# wood sling



## Graybeard (Jun 12, 2015)

Even though I'm only doing 15 inch pieces of wood it's still hard for me to lift them up and get them were I want them on the lathe, and bring the tail stock up.

I have a pulley system that I used for dressing deer that I've used to lift and hold the top of my dust collector. It would be easy to mount that above my lathe and use it to lift a log into place while I moved it where I wanted it.

I can't figure out what kind of a sling I could use to hole different shapes of blanks. Any ideas or other suggestions?

Graybeard

Reactions: Like 1


----------



## TimR (Jun 12, 2015)

I've heard of folks using these...Hoyer Lifts. I may pick one up myself sometime if I decide to start doing some really big stuff. Can pick em up pretty cheap on craigslist or ebay.


----------



## ripjack13 (Jun 12, 2015)

A block and fall mounted on a small rail above. And a nylon sling.

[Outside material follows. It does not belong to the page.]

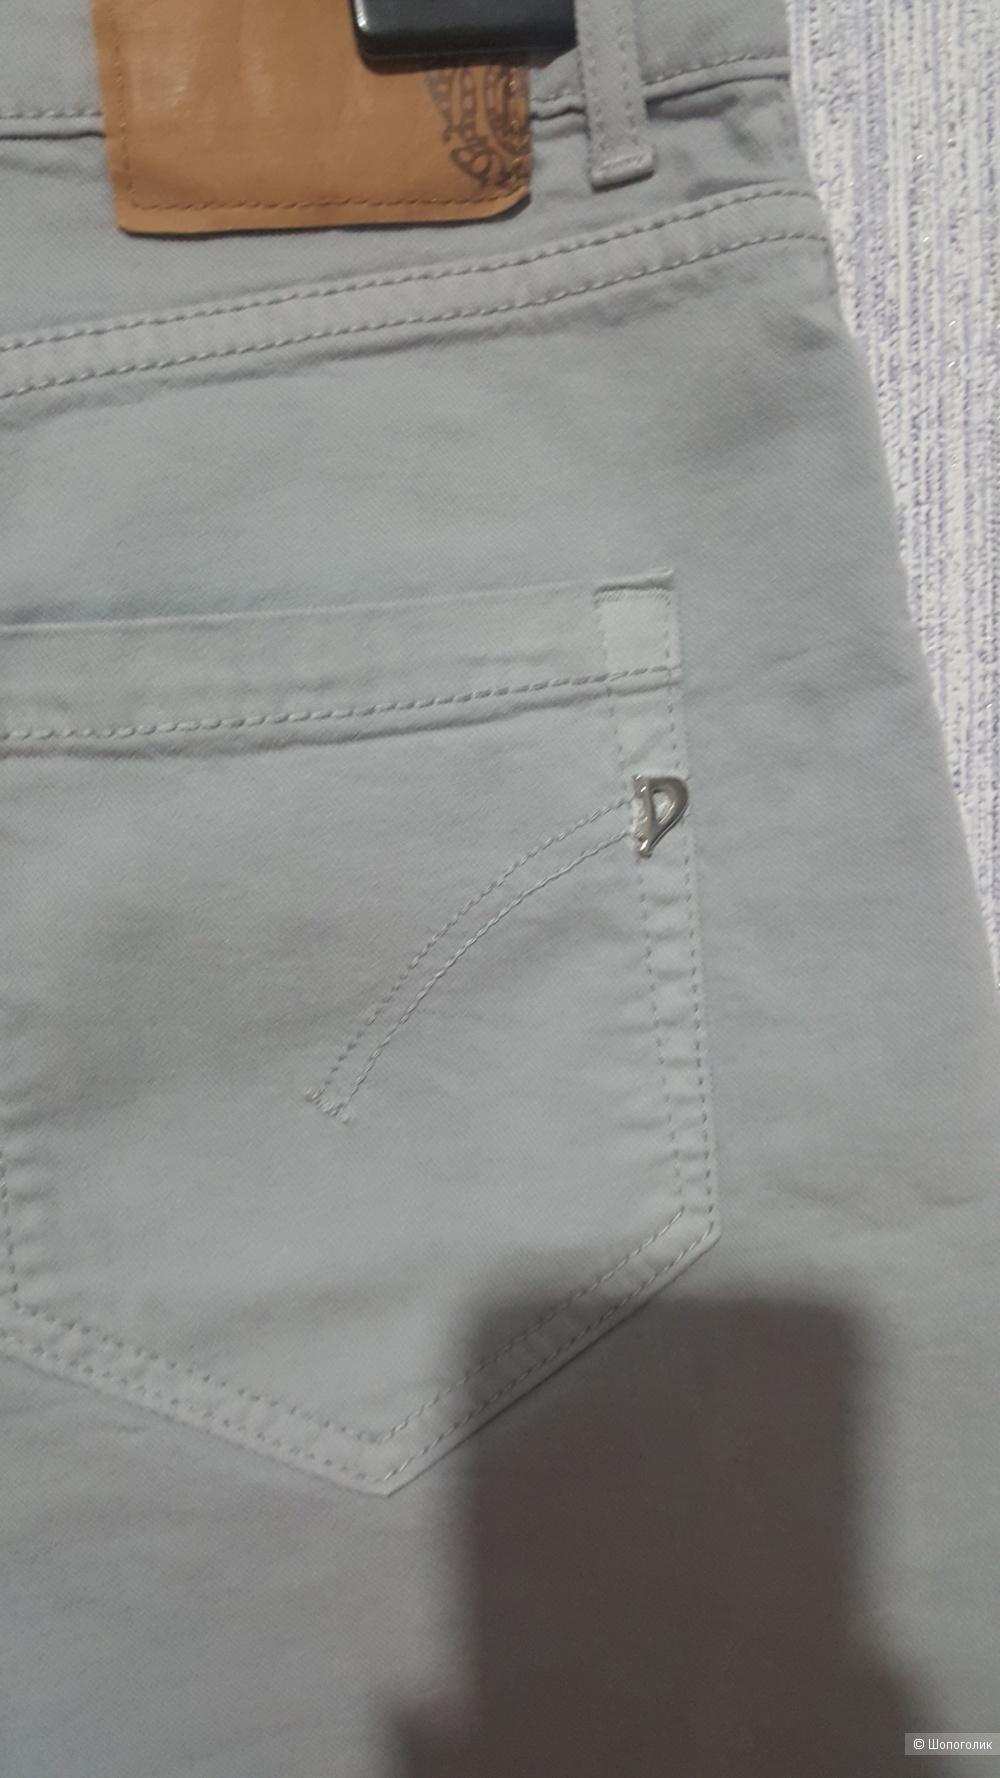 Шорты бермуды Dondup 28 джинсовый размер

http://ctsling.com/Pages/Nylon Slings.html

Reactions: Agree 1


----------



## ripjack13 (Jun 12, 2015)

Ah...if you mount your pulley the nylon sling would be great. Just lay em on the floor spread apart, then roll the blank over it. Then wrap it and lift. You could also lean a piece of plywood in front of the bench and lathe to slide up the blank to keep it from knocking into your lathe....


----------



## barry richardson (Jun 12, 2015)

Seems you could rig a couple of cargo straps pretty easily to do the job....

Reactions: Agree 1


----------



## gman2431 (Jun 12, 2015)

A good chunk of rope tied like you would to make a net should work also.


----------



## Schroedc (Jun 12, 2015)

I use something like this for Engines and they aren't all that expensive, I like you can crank them back and forth to balance the piece, Just replace the chains with cargo straps or even use chain since it's not going to mark up the outside all that bad......

http://www.summitracing.com/parts/s...Xk6FelOw4V80VOawk23L-f3xiWx6cZfoyoaAnKg8P8HAQ


----------



## Wilson's Woodworking (Jun 12, 2015)

ripjack13 said:


> a nylon sling.
> 
> http://ctsling.com/Pages/Nylon Slings.html


We use the straps shown on the top right at work. I would use a choker style hold on a blank of wood. They are inexpensive and very effective.


----------



## ripjack13 (Jun 12, 2015)

Same here. You can use one wrapped/looped over itself as a choker style too.


----------



## Horatio (Jun 24, 2015)

I've got an overhead track system in my shop. Still moving my tools in and setting up right now so I haven't tried it out on anything heavy yet but it looks to be pretty good but obviously limited to lifting heavy things out of the truck and shoving them down the line.


----------



## justallan (Jun 25, 2015)

Just an off the wall idea, but how about tire chains from a small car. You can hook them every which way, use them like a choker, add "S" hooks from broken tarp straps, ETC.
You can probably get them at any second hand store for a couple bucks.
Just a thought.

Reactions: Like 1 | Creative 1


----------



## RayBell (Jun 28, 2015)

if they are too heavy for me i just call out my wife to lift them. In her previous life she was a stevedor on the Seattle docks, and could beat any man here at arm wrestling. OK, just kidding of course. She is actually 5' 1", and weighs 110 lbs. Please dont tell her I said this. She may be small, but she can hold her own:>)


----------